The Notes, the Deed of Trust, the Loan Agreement, and all
other instruments now or hereafter evidencing, securing or
guarantying the loan evidenced hereby are sometimes collectively
referred to as the "Loan Documents." The Deed of Trust
contains "due on sale or further encumbrance" provisions
which, together with all other terms of the Deed of Trust, are
incorporated herein by this reference.
No prepayment of the principal of this
Note shall be allowed prior to the first day of April 2008 (the
"Lock Out Period"). Commencing April 1, 2008, the principal
of this Note may be prepaid in whole, but not in part, on any
regular scheduled payment date, provided that: (1) not later
than sixty (60) days prior to such prepayment, Maker delivers
written notice to Payee that Maker intends to prepay this Note in
full on the date specified in such notice; and, (2) Maker pays to
Payee at the time of such prepayment, a sum (the "Prepayment
Premium") equal to the greater of the following
calculations:
(i)
The sum of (a) the present value of the
scheduled monthly payments set forth above in this Note from the
date of prepayment to the Maturity Date or the next applicable Call
Date, whichever is the next to occur, and (b) the present value of
the amount of principal and interest due on the Maturity Date or
the next applicable Call Date, whichever is the next to occur
(assuming all scheduled monthly payments due prior to such date
were made when due); minus the outstanding principal balance of
this Note as of the date of prepayment.
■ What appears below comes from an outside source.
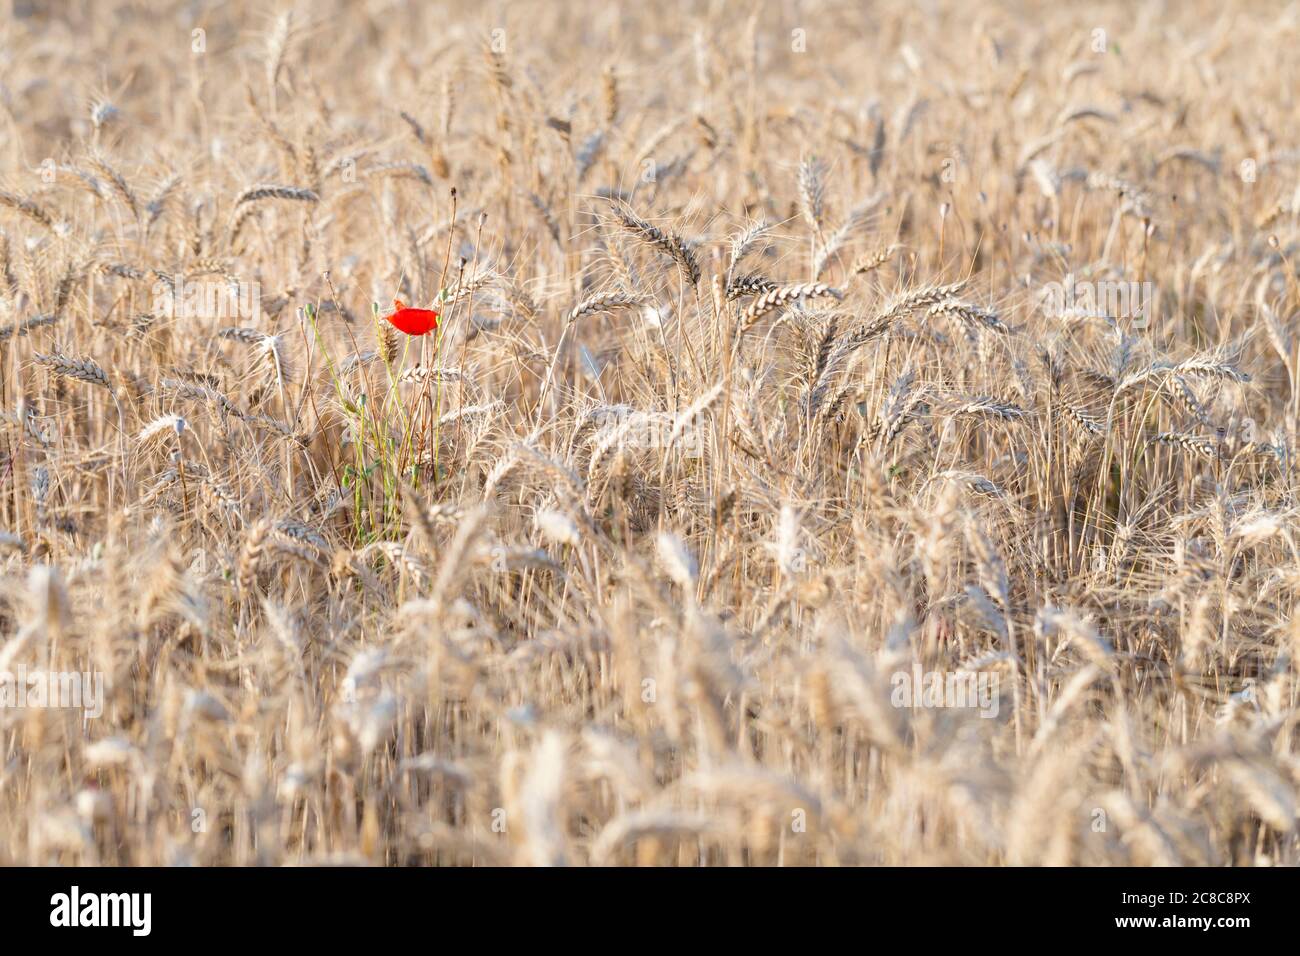 Un pavot rouge solitaire dans un champ de blé, Italie Banque D'Images

The present values
described in clauses (a) and (b) above shall be computed on a
monthly basis as of the date of prepayment discounted at an
interest rate equal to the yield of actively traded U.S. Treasury
obligations having the same maturity as the Maturity Date or the
next applicable Call Date, whichever is the next to occur, as
published in the Federal Reserve Statistical Release H.15 (519)
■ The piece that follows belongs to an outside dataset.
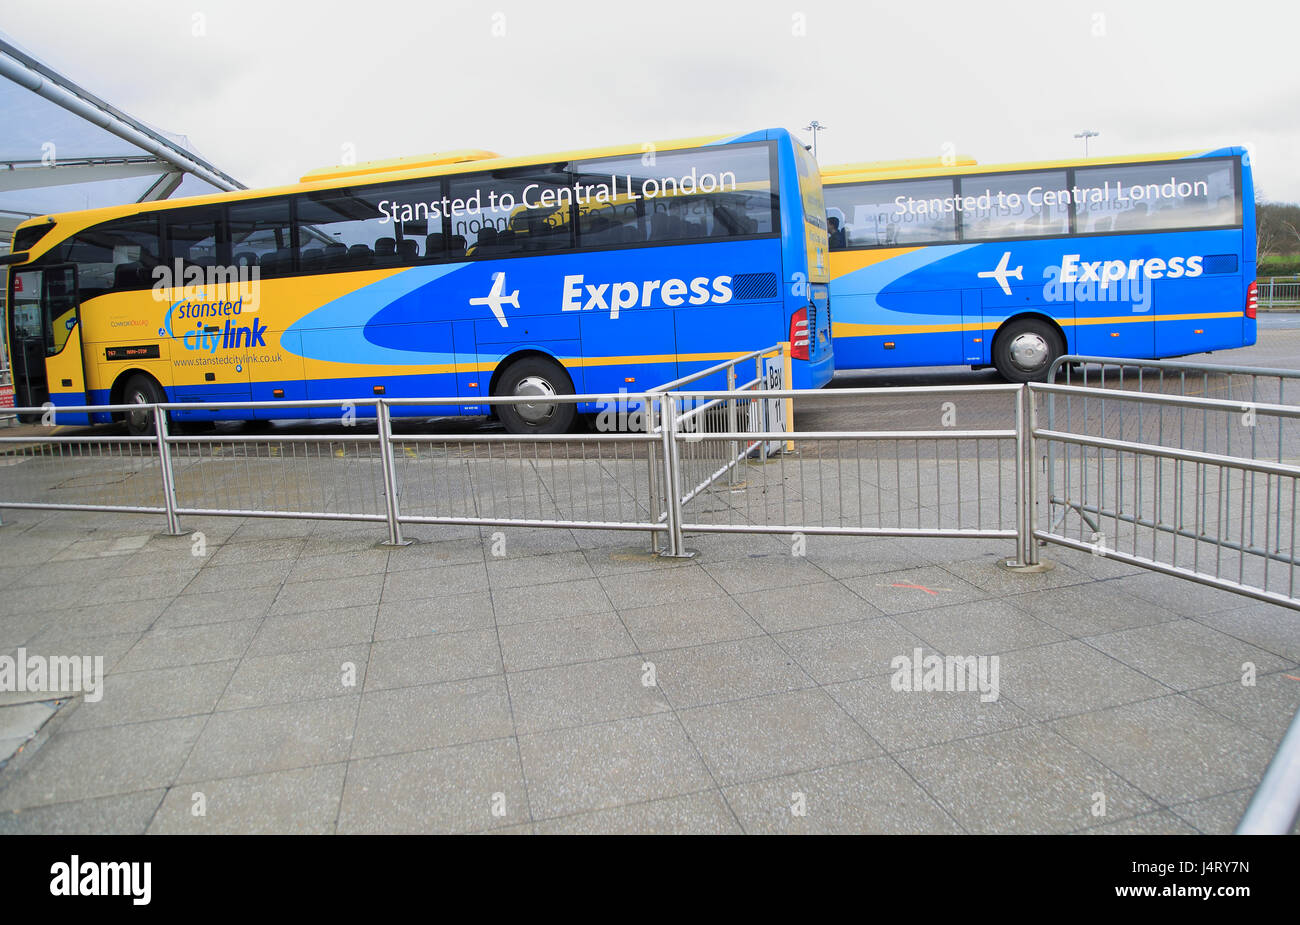 CityLink Stansted Express Coach service de bus vers le centre de Londres à la gare routière, l'aéroport de Stansted, Essex, Angleterre, RU Banque D'Images

Selected Interest Rates listed under the U.S. Government
Securities, Treasury Constant Maturities, plus twenty (20) basis
points (“Treasury Rate”). The Treasury Rate so
used shall be the “week ending” yield for the week
immediately preceding the date of such prepayment. If no
Treasury Constant Maturities, are published for the specific
length of time from the date of prepayment of this Note to the
Maturity Date or the next applicable Call Date, whichever is the
next to occur, the Treasury Rate that shall be used shall be
computed based on a linearly interpolated interest rate yield
between the two Treasury Constant Maturities, that (i) most
closely correspond with the Maturity Date or the next applicable
Call Date, whichever is the next to occur, as of the date of such
prepayment and (ii) bracket in time the Maturity Date or the
next applicable Call Date, whichever is the next to occur, one
being before the Maturity Date or the next applicable Call Date and
the other being after the Maturity Date or the next applicable Call
Date. If for any reason Treasury Constant Maturities,
is no longer published in the Federal Reserve Statistical
Release H. 15 (519) Selected Interest Rates, the Treasury Rate
shall be based on the yields reported in another publication of
comparable reliability and institutional acceptance as selected by
the Payee in its sole and absolute discretion that most closely
approximates yields in percent per annum of actively traded U.S.
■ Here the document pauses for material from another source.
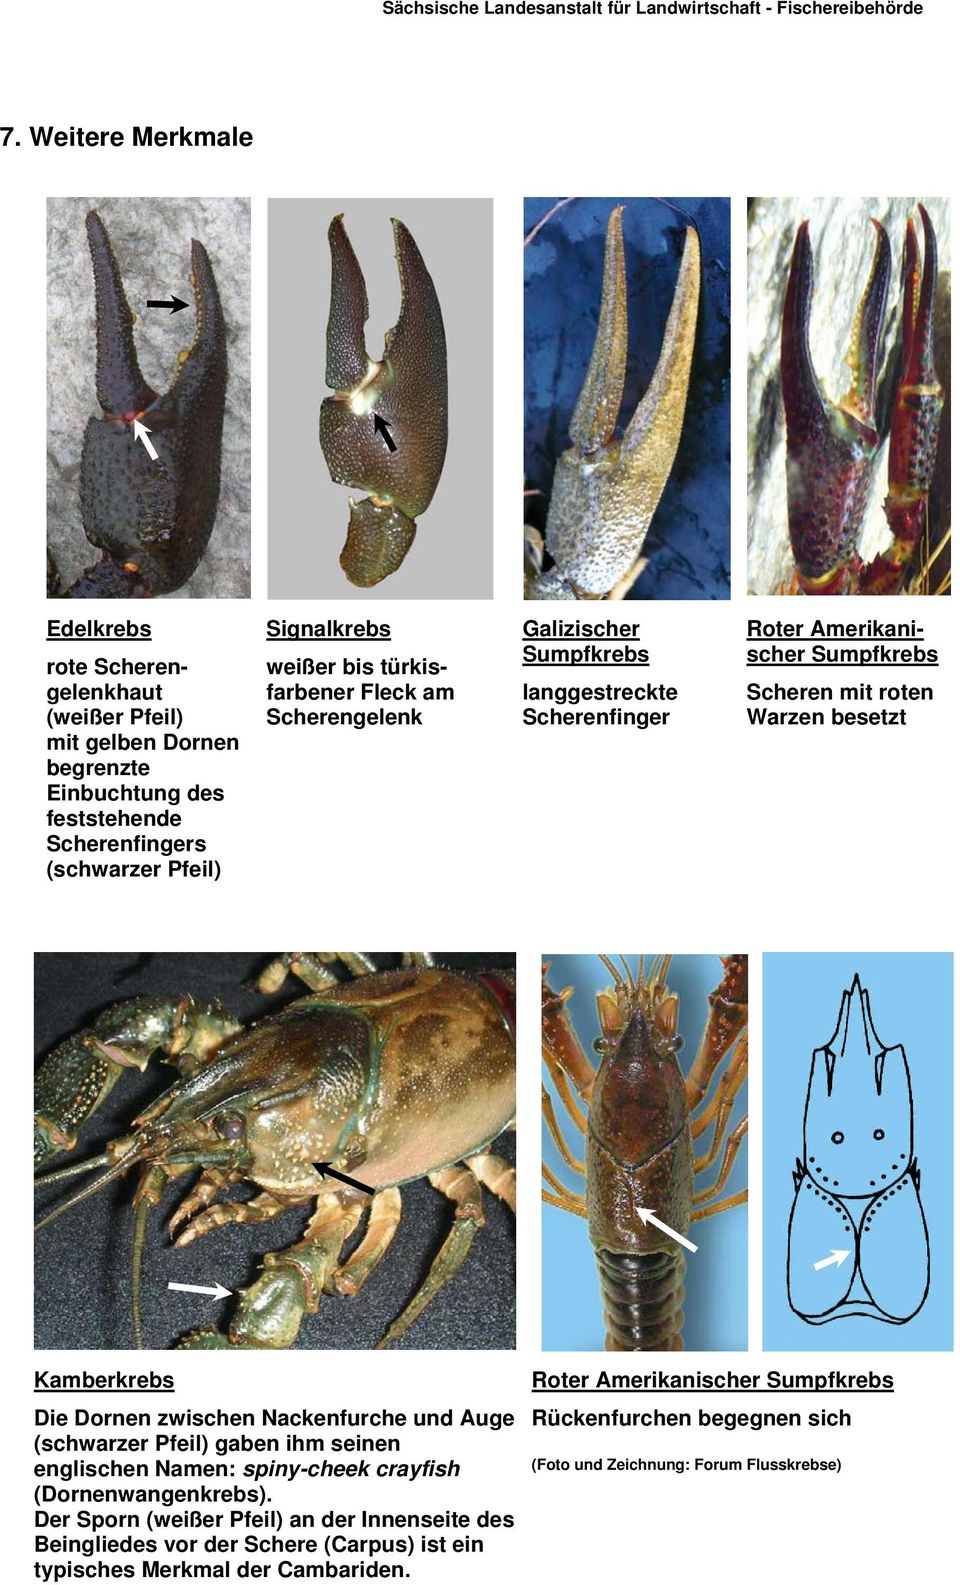 Dornen zwischen Nackenfurche und Auge (schwarzer Pfeil) gaben ihm seinen englischen Namen: spiny-cheek crayfish (Dornenwangenkrebs).

Treasury obligations of varying maturities. The sum
calculated in accordance with this subparagraph (i) is intended to
be the sum that, together with the principal amount prepaid, shall
be sufficient to enable Payee to invest in U.S. Treasury
obligations for the remaining original term of this Note or until
the next applicable Call Date, whichever is next to occur, to
produce, as nearly as possible, the same effective yield to the
Maturity Date or the next applicable Call Date, whichever is next
to occur, as would have been produced under this Note, adjusted,
however, for the addition of twenty (20) basis points to the
discount rate as set forth in the second sentence of this
subparagraph (i).
(ii)
One percent (1%) of the then outstanding
principal balance of this Note.
Except as provided in the next sentence,
in no event shall the amount prepaid be less than
the total amount of the then outstanding
principal and accrued and unpaid interest thereon plus one percent
(1%) of the then outstanding principal balance of this Note.
Notwithstanding the foregoing Lock Out Period, no Prepayment
Premium shall be payable with respect to a prepayment that (a)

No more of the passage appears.